Developing methods for identifying clinical phenotypes from routinely collected health data with applications to stroke genetics.

Lead Research Organisation: University of Edinburgh
Department Name: Centre of Population Health Sciences

Abstract

Genetic, and other risk factor associations with stroke are known to be to a large extent type and subtype specific. Systematic review data and UK Biobank pilot work data has shown that stroke type (ischaemic versus haemorrhagic) is not specified for around 40%, and further stroke subtype (TOAST, OCSP, haemorrhage location etc) is not specified for around 70% of stroke cases ascertained from routinely collected coded health data. With expert adjudication it is possible to assign a type and subtype for around 80% of these cases, but this is not a scalable method suitable for very large studies (e.g., UK Biobank). I propose to develop scalable, automated methods that will allow further stroke typing and subtyping from routinely collected health data by investigating the use of various algorithmic code combinations and of natural language processing methods that could be applied to free text medical records and imaging reports. I would then propose to validate these methods directly, as well as indirectly by comparing them with other phenotyping approaches in genetic studies.

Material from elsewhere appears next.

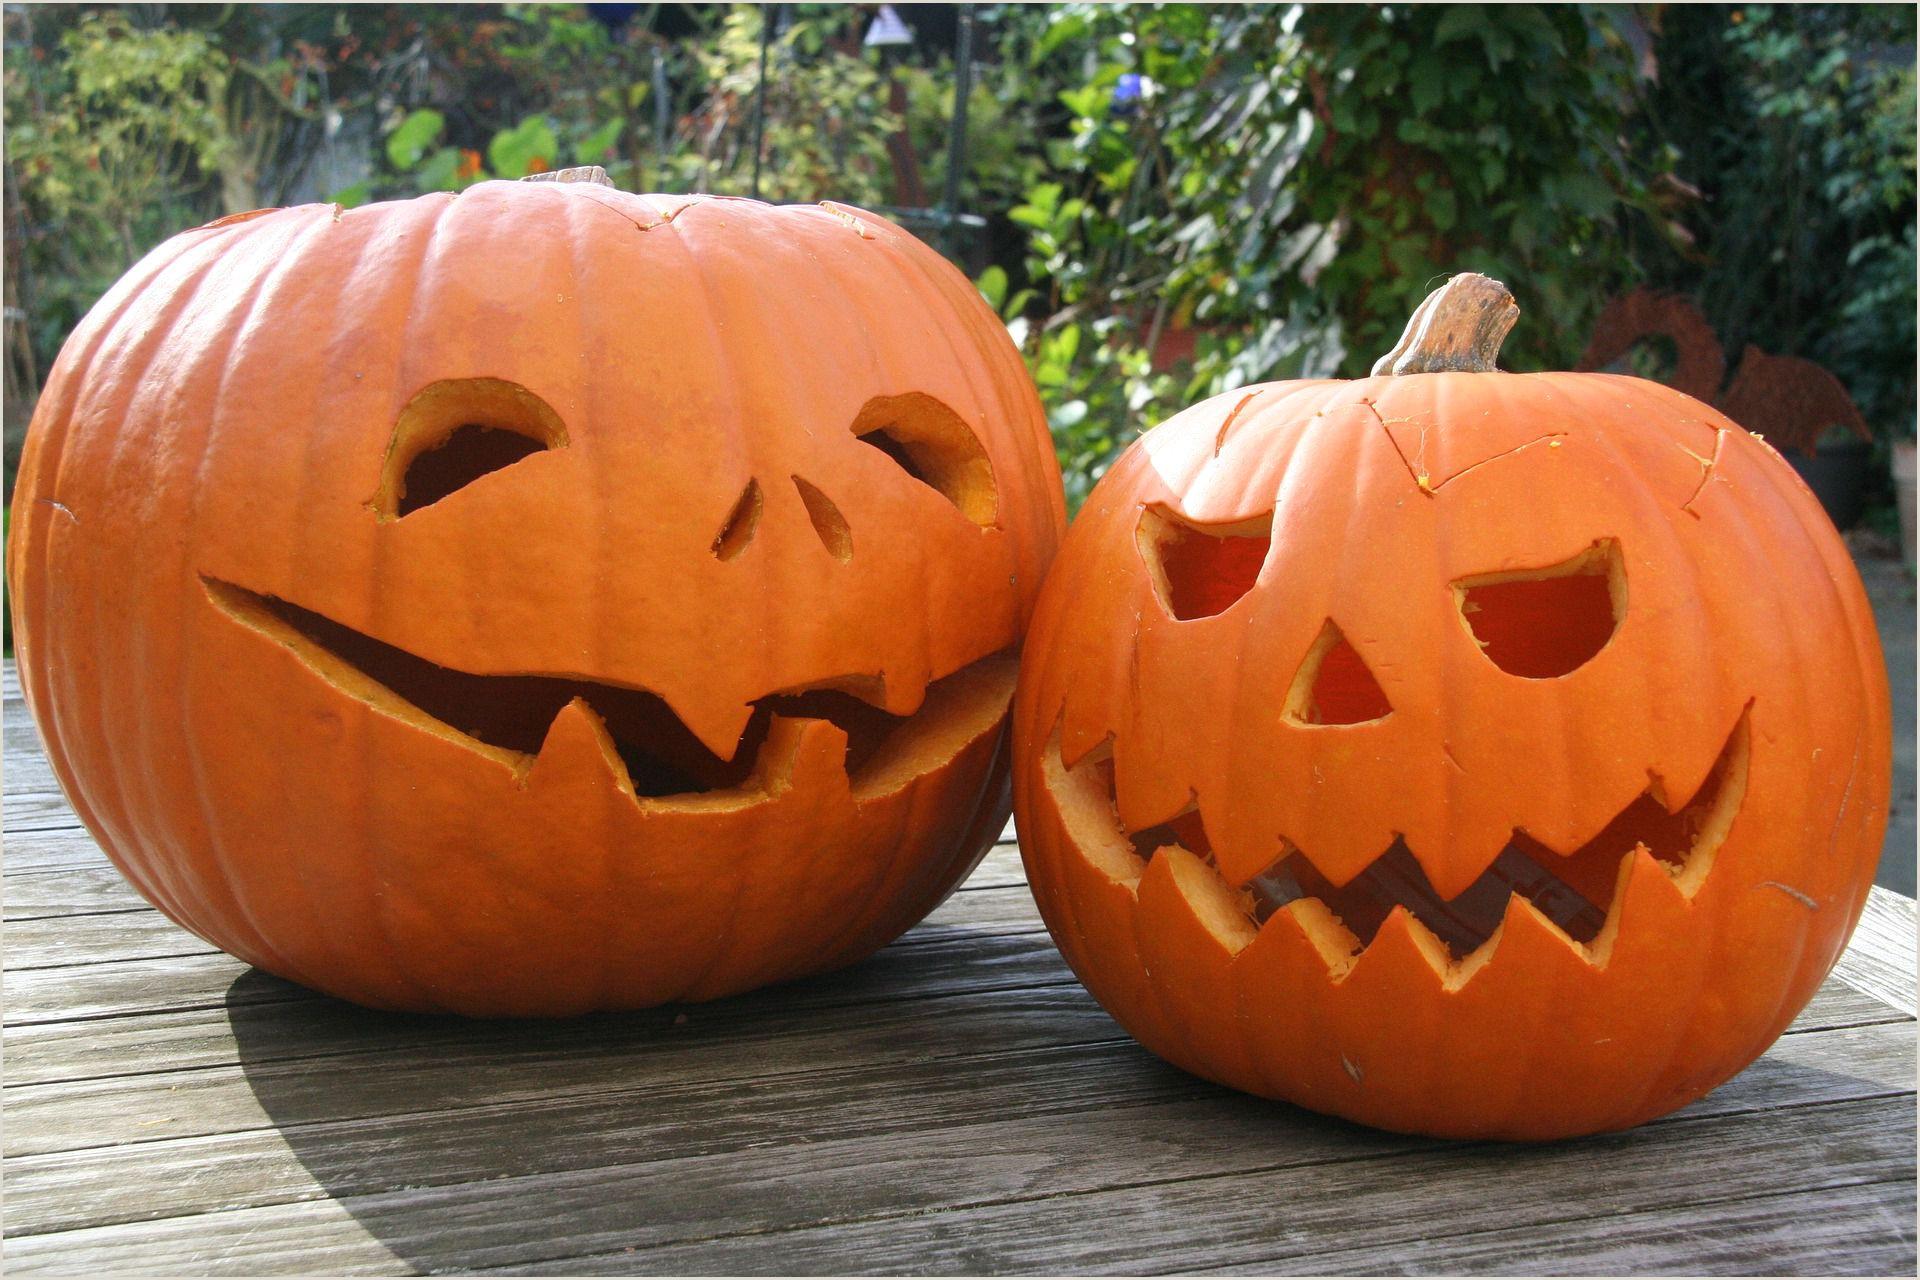 Scar Pumpkin Carving Patterns Free Pumpkin Carving Patterns

Phenome-association studies can be used to systematically examine the impact of one or many genetic variants across a broad range of human phenotypes, and have the potential to reveal novel insights to underlying disease mechanisms, as well as hold great potential for the identification of novel drug targets and drug repurposing opportunities. UK Biobank with its vast and varied phenotypic data is a dataset that is highly suitable for these studies. However, to date there is a relative lack of sophisticated phenotypic methods to select and identify outcomes of interest. I propose to apply existing phenome-wide association study methods to investigate hypothesis-based associations with stroke as a model disease, and to develop these methods further for wider use.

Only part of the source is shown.